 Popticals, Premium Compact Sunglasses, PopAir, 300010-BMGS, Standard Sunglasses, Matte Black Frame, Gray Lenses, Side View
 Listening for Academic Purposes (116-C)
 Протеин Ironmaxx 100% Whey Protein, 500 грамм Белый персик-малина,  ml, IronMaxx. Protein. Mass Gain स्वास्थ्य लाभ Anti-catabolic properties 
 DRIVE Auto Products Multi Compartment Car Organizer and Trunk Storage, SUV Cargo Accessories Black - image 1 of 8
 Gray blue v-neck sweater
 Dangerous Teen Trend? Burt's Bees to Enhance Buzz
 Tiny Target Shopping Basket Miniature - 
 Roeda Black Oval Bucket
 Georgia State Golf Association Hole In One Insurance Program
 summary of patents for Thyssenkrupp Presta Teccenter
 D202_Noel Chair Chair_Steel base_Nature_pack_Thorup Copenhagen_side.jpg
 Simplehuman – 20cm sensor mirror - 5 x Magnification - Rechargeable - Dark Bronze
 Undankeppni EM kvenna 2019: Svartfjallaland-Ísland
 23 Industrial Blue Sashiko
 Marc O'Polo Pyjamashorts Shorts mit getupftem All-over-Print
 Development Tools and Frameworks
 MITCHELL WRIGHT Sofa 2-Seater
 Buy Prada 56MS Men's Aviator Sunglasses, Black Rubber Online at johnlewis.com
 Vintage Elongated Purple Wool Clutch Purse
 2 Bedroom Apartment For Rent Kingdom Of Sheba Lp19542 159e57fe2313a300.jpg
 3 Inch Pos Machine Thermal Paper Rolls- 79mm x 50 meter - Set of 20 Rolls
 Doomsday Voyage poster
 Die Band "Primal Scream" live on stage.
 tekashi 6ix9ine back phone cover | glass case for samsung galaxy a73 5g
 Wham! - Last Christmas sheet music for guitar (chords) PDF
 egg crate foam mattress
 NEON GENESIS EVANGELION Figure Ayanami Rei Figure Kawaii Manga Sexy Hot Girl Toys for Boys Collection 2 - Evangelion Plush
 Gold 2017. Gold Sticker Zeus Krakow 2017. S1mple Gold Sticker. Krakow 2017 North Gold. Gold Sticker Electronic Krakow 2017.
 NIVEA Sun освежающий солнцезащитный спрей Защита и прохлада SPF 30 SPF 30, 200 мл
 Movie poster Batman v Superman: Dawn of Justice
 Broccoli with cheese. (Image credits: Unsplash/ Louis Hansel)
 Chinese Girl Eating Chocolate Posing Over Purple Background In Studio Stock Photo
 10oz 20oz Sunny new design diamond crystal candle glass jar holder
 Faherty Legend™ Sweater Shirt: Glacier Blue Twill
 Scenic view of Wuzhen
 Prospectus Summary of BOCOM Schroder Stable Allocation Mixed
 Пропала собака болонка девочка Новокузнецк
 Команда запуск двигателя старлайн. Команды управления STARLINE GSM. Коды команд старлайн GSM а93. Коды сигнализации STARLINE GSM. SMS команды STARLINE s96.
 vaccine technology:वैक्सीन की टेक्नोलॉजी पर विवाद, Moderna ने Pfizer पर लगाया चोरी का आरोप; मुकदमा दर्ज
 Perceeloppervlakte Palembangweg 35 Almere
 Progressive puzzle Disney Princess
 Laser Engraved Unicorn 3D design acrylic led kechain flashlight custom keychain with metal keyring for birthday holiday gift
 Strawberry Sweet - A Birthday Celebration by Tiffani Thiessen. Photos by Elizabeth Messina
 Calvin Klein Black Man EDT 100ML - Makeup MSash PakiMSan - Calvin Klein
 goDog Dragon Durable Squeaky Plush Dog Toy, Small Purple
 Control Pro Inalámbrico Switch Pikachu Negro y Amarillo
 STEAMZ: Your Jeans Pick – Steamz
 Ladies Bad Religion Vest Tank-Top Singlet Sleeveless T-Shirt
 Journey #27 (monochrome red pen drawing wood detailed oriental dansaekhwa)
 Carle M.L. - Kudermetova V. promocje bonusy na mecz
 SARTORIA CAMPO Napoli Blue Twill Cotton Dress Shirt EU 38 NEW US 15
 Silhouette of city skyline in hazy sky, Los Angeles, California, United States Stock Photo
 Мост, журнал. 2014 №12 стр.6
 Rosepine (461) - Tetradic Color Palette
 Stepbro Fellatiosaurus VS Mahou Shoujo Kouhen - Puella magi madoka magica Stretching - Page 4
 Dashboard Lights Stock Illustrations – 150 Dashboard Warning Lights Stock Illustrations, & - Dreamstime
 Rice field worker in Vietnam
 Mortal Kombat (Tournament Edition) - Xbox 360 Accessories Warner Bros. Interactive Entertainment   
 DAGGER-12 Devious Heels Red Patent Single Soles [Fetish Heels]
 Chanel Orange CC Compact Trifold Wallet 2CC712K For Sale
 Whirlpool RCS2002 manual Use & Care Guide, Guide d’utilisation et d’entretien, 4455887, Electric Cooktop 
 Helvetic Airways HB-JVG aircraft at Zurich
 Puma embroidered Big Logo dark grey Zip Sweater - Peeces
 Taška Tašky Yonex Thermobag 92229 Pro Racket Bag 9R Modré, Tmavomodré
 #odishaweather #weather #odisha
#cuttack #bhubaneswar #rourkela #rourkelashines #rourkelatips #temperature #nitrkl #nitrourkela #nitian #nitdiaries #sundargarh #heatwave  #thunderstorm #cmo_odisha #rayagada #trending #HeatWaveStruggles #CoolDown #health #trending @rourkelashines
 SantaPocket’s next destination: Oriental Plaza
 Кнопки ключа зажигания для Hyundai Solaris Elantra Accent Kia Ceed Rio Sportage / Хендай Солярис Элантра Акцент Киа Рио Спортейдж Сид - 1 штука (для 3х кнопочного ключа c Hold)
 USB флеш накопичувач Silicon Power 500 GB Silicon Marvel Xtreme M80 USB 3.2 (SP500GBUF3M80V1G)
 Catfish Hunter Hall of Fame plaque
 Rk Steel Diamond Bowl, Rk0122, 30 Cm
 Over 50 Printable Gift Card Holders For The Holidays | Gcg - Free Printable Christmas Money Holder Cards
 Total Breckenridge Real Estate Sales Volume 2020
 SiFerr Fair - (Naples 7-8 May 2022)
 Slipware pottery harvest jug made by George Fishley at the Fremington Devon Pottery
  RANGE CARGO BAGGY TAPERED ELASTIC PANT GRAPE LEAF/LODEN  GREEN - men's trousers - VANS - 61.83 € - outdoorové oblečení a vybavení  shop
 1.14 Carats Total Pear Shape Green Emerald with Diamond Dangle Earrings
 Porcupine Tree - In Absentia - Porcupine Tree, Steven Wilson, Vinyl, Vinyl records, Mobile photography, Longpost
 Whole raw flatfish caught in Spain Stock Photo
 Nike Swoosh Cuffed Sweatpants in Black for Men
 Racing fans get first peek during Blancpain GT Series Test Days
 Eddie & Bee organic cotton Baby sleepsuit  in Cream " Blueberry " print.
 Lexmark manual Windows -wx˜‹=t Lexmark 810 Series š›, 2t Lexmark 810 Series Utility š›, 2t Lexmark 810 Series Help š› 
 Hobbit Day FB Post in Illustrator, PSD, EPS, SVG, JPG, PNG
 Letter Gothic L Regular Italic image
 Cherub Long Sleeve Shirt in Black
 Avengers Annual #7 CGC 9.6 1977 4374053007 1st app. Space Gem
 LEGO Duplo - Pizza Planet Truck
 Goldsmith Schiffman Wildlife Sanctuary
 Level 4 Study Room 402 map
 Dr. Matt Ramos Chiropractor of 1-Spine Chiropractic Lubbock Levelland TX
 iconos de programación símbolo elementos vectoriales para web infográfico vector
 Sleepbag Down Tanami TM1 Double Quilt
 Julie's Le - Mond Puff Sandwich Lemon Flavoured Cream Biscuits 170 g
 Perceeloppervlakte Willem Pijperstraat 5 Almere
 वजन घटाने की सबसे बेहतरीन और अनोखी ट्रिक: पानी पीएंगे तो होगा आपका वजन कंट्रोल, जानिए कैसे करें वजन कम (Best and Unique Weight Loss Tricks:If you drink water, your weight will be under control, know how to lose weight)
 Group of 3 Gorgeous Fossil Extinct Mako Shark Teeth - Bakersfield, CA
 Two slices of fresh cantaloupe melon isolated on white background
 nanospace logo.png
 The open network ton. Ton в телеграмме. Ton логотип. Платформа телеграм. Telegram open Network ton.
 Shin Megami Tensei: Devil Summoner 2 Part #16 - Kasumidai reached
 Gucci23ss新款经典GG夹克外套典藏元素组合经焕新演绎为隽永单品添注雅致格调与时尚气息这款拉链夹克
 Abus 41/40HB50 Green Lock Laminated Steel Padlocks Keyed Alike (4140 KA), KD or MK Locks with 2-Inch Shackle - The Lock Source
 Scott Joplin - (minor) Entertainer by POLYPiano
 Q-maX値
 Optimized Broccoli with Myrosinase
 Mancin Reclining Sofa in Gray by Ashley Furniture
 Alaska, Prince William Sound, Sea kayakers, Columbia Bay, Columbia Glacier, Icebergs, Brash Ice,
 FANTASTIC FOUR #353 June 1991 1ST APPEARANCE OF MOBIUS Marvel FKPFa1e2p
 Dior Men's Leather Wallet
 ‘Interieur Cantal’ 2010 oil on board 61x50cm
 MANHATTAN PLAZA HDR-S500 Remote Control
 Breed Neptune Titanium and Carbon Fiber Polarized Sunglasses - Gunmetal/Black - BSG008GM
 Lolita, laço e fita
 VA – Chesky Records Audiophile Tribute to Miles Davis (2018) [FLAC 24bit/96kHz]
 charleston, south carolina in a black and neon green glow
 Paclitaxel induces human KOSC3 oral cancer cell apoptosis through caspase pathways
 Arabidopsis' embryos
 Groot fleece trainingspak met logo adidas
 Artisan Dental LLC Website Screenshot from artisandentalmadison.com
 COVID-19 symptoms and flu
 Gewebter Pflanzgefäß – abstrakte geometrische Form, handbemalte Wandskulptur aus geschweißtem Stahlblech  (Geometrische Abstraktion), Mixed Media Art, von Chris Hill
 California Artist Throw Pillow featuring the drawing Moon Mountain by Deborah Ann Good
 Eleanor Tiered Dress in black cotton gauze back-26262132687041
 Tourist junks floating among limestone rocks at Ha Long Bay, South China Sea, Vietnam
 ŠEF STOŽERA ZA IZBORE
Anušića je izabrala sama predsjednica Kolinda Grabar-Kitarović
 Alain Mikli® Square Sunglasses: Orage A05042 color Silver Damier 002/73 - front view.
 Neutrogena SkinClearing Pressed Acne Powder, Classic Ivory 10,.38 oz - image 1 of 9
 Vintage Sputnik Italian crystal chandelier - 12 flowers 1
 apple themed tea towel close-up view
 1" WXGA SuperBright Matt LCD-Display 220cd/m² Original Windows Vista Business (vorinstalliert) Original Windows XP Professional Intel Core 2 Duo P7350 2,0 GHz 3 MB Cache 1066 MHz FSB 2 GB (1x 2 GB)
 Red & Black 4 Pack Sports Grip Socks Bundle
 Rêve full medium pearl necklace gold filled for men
○ ○ ○ ○ ○
> _INSTRUCTIONS FOR THE TASK_
Every line in the listing above that mentions "Stock" should be returned.

> _ANSWER SECTION_
 Chinese Girl Eating Chocolate Posing Over Purple Background In Studio Stock Photo
 Silhouette of city skyline in hazy sky, Los Angeles, California, United States Stock Photo
 Dashboard Lights Stock Illustrations – 150 Dashboard Warning Lights Stock Illustrations, & - Dreamstime
 Whole raw flatfish caught in Spain Stock Photo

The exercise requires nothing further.